The Pentagon Fails Its Audit Again—and Again and Again and Again and Again and Again

Yves here. The idea of a favorite scandal no doubt sounds like an oxymoron. But you may have books or movies you went back too often, or enjoy ritual performances holiday music or traditional dances. One of their appeals is that they are immutable and provide an anchor of sorts. The long-standing Pentagon audit failure is like that.

The Pentagon already has a huge black budget but that’s apparently not good enough to feed its maw of unending need (correct me if I have this wrong, but isn’t that a lot like always hungry Rahu?) And the inability to keep proper books is just a remarkable way to syphon off even more funds. It also proves, BTW, that MMT is indeed an accurate description of how the funding of a currency issuer like the US works. As one wag said, “We never worried about where the money for the next bombing run in Iraq was coming from.”

Consider this as support for the idea that poor records, whether by accident or design, covers for overspending. From The Cradle:

Furthermore, in 2019 alone, the Pentagon made $35 trillion in accounting adjustments – a figure larger than the entire US economy.The Pentagon budget is not only gargantuan, but replete with waste – from vast overcharges for spare parts, and weapons that don’t work, to forever wars with far reaching human and economic consequences.

These shadowy practices have, however, boosted the profits of US weapons makers like Lockheed Martin, Raytheon, Boeing, and Northrop Grumman, with major gains made despite the challenges posed by inflation and supply chain issues caused by the coronavirus pandemic.

By Lindsay Koshgarian, who directs the National Priorities Project at the Institute for Policy Studies. Originally published by OtherWords.org.

The Pentagon just failed its audit — again. For the sixth time in a row, the agency that accounts for half the money Congress approves each year can’t figure out what it did with all that money.

For a brief recap, the Pentagon has never passed an audit. Until 2018, it had never even completed one.

Since then, the Pentagon has done an audit every year and given itself a participation prize each time. Yet despite this year’s triumphant press release — titled “DOD Makes Incremental Progress Towards Clean Audit” — it has failed every time.

In its most recent audit, the Pentagon was able to account for just half of its $3.8 trillion in assets (including equipment, facilities, etc). That means $1.9 trillion is unaccounted for — more than the entire budget Congress agreed to for the current fiscal year.

No other federal agency could get away with this. There would be congressional hearings. There would be demands to remove agency leaders, or to defund those agencies.
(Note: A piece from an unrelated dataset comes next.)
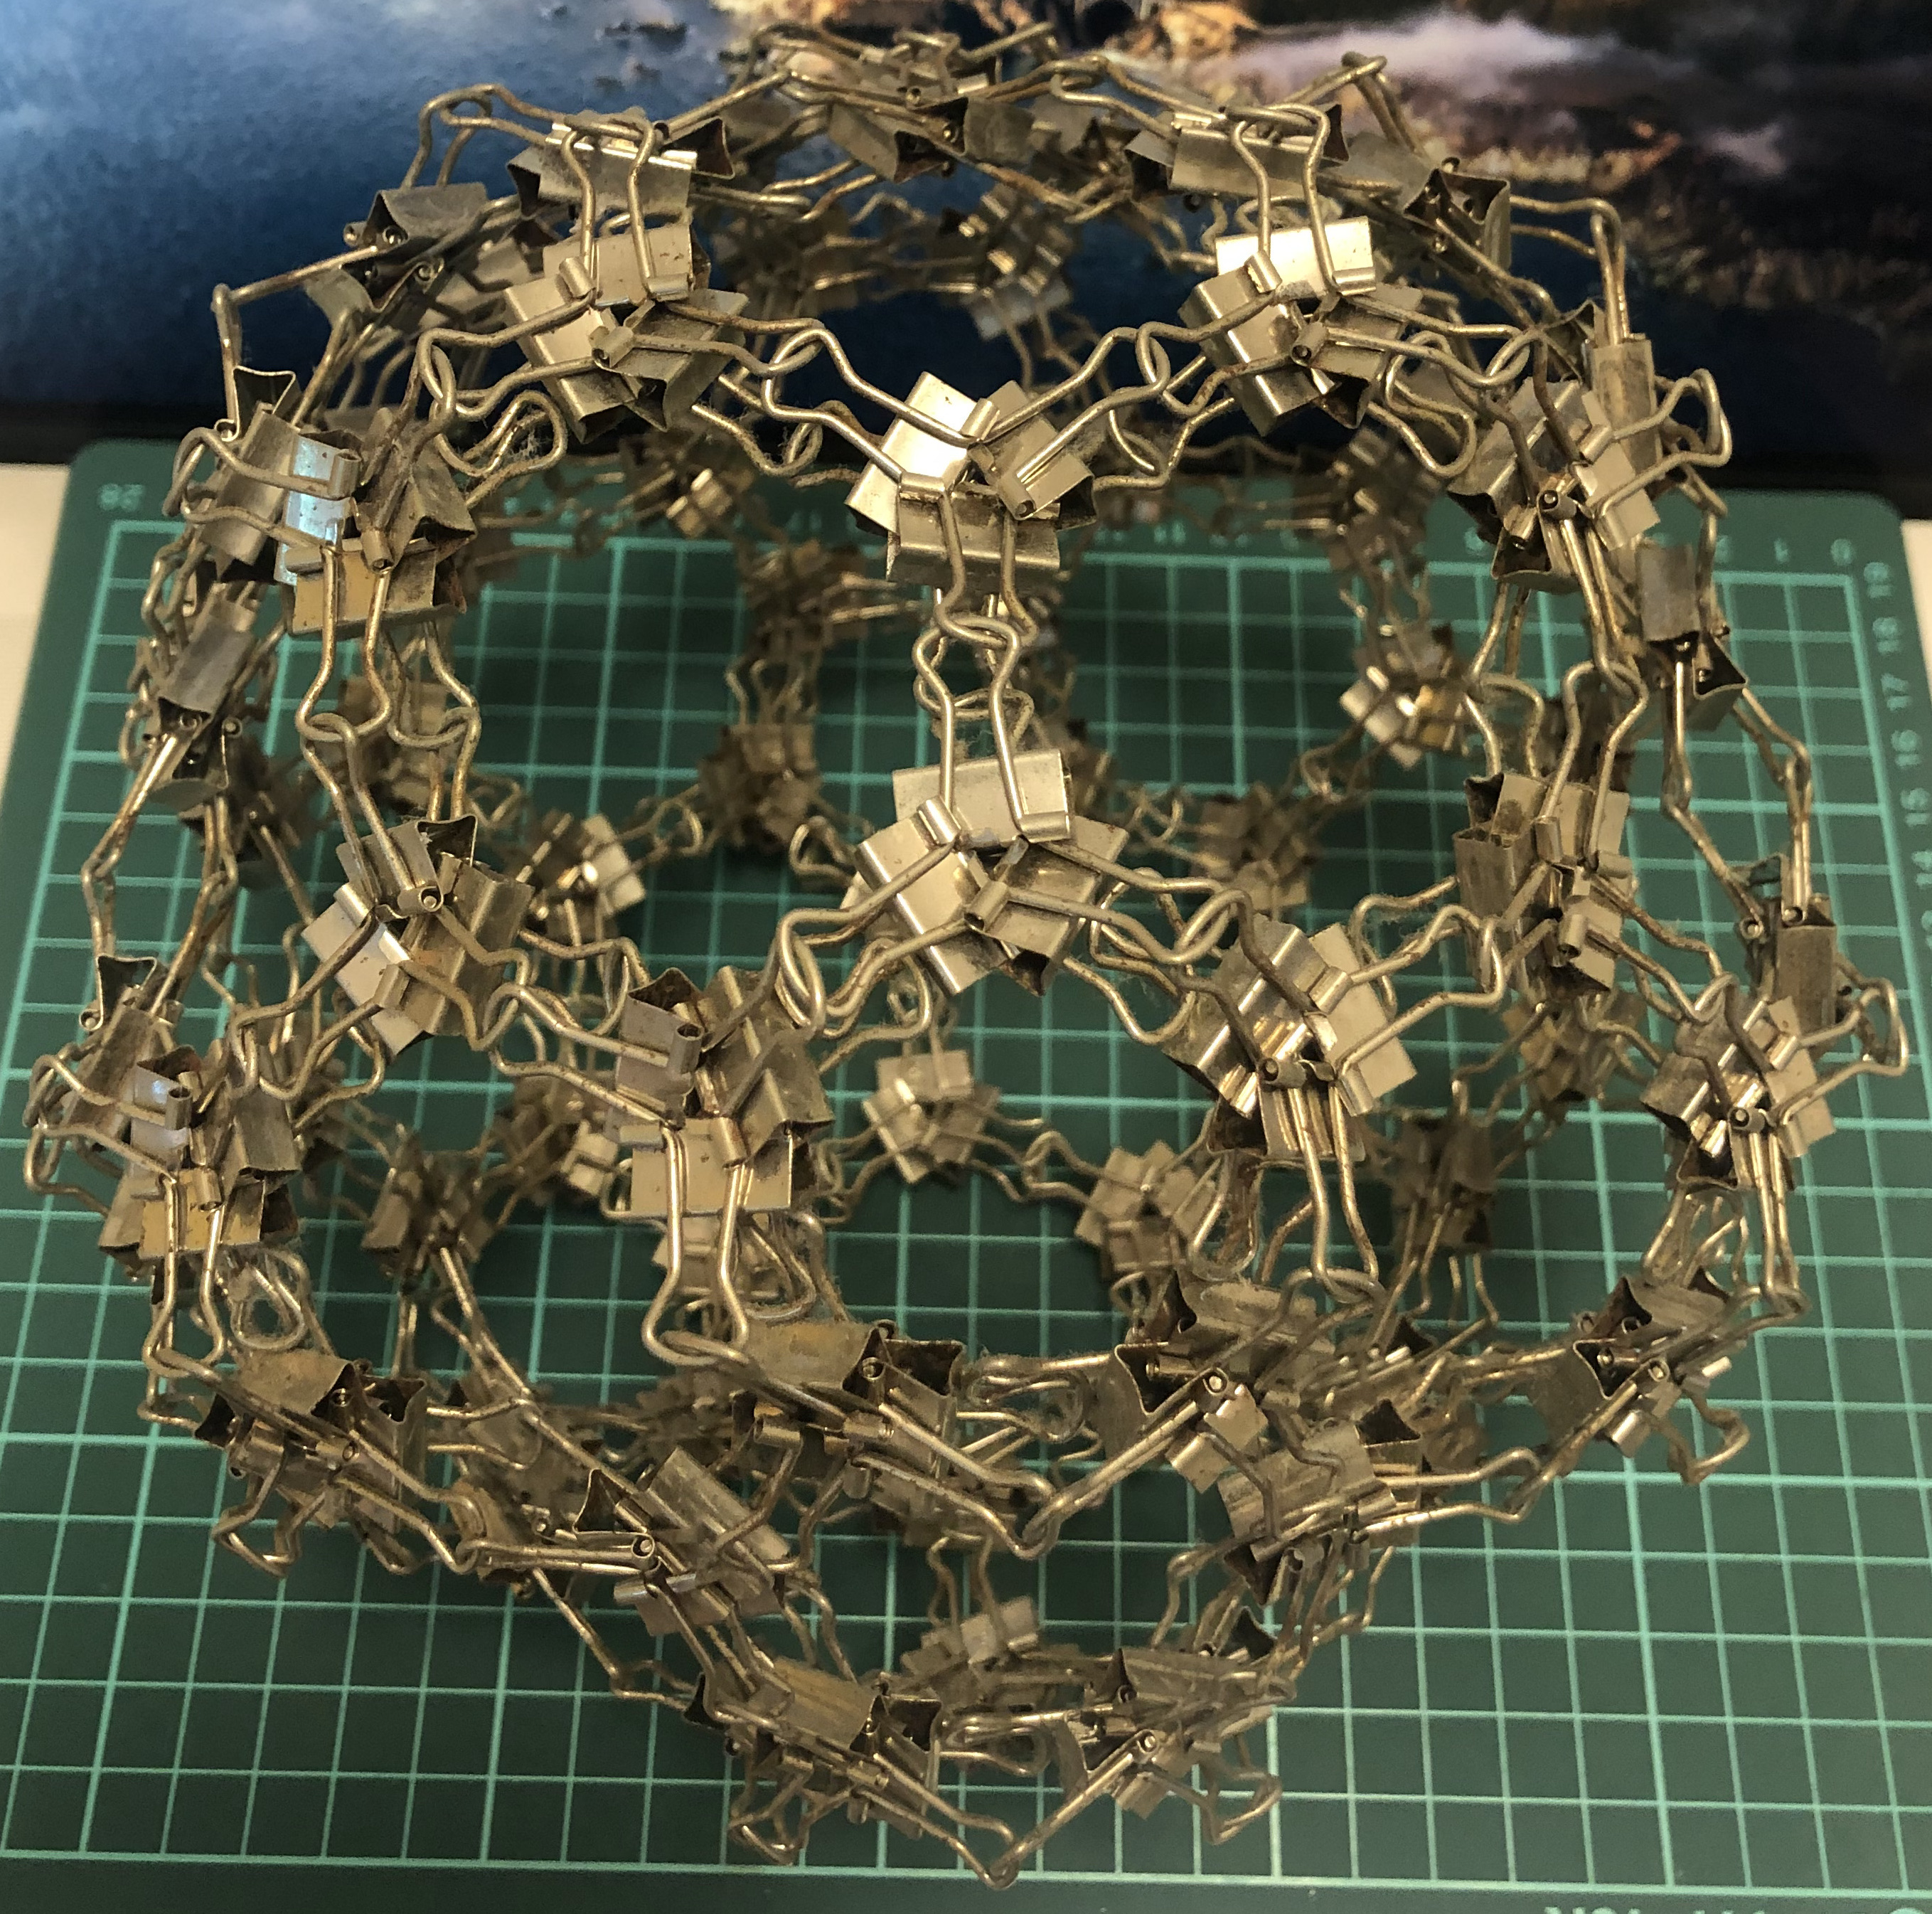 240 clips forming 60 W-edges forming chamfered dodecahedron

Every other major federal agency has passed an audit, proving that it knows where taxpayer dollars it is entrusted with are going.

Yet Congress is poised to approve another $840 billion for the Pentagon despite its failures.
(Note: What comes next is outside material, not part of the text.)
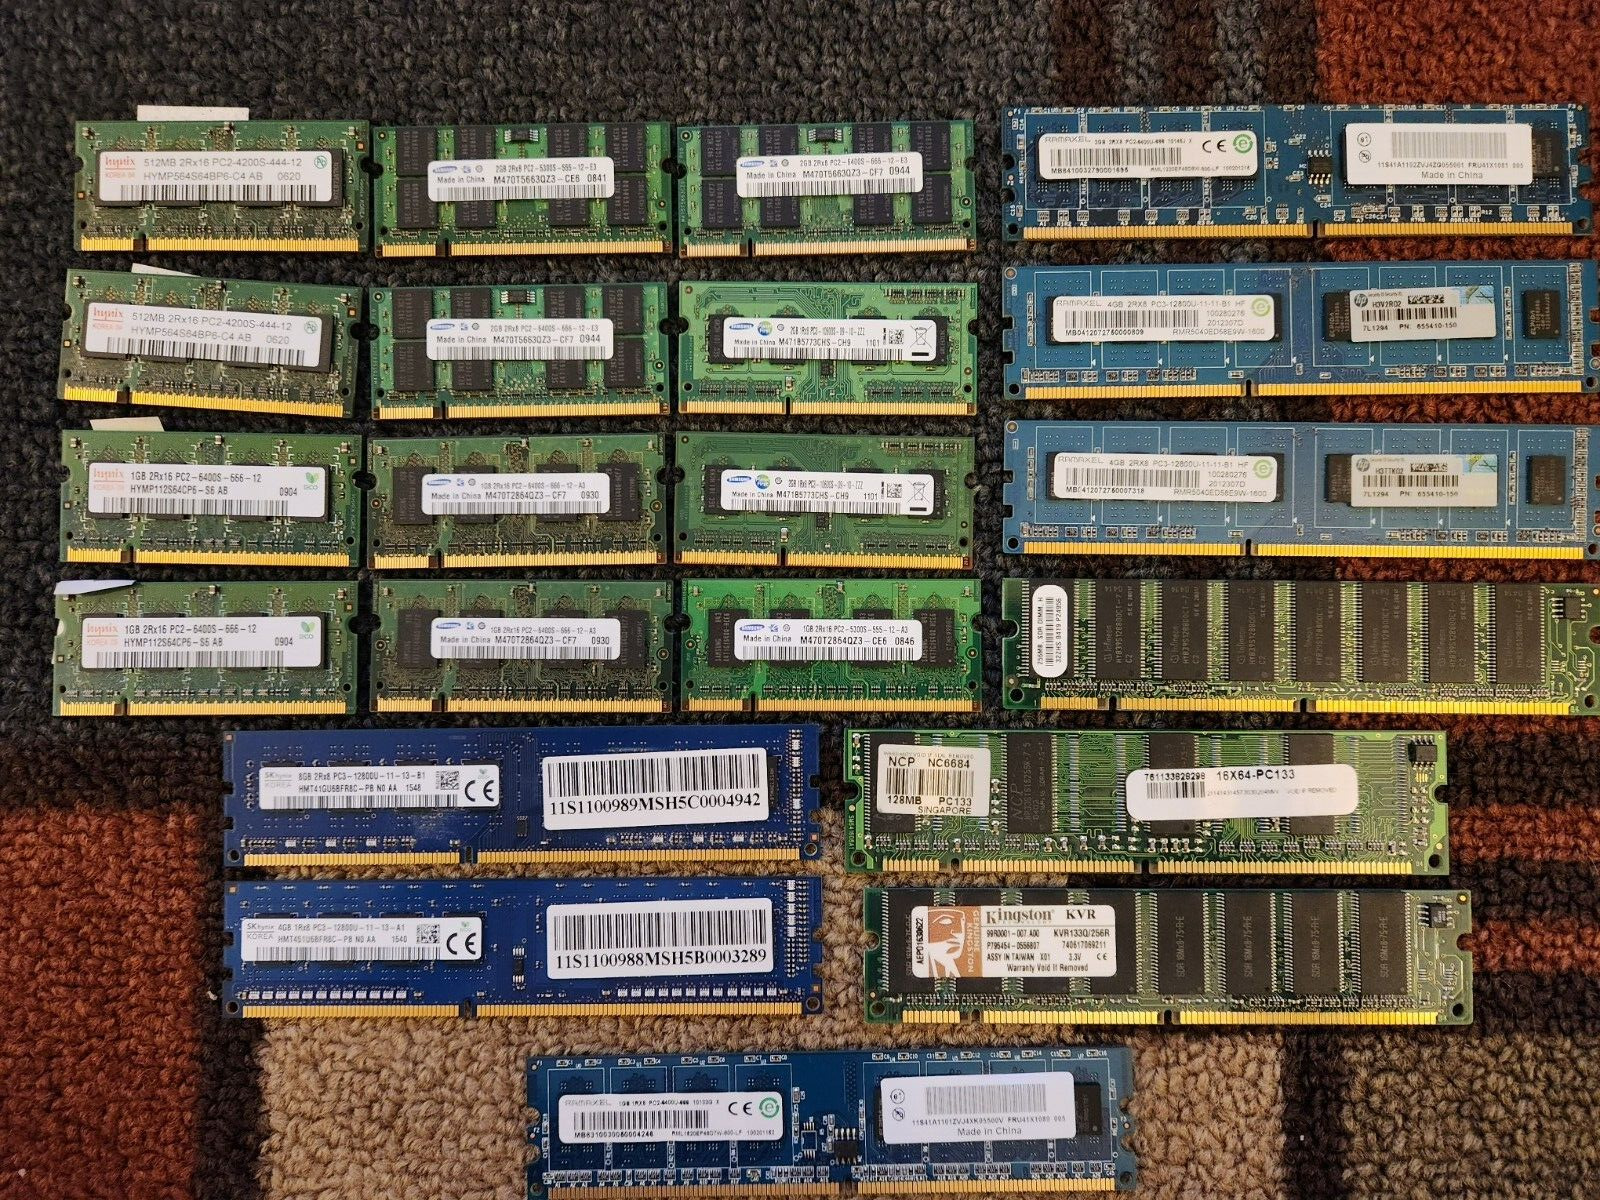 LOT of 21 PC and Laptop Memory Sticks (128MB - 8GB) Samsung, Kingston + More

In fact, by my count Congress has approved $3.9 trillion in Pentagon spending since the first failed audit in 2018. Tens of billions have gone through the Pentagon to fund wars in Afghanistan, Ukraine, and now Israel. Accountability for those “assets” — including weapons and equipment — is also in question.

At this point, lawmakers surely know those funds may never be accounted for. And year after year, half of the Pentagon budget goes to corporate weapons contractors and other corporations who profiteer from this lack of accountability.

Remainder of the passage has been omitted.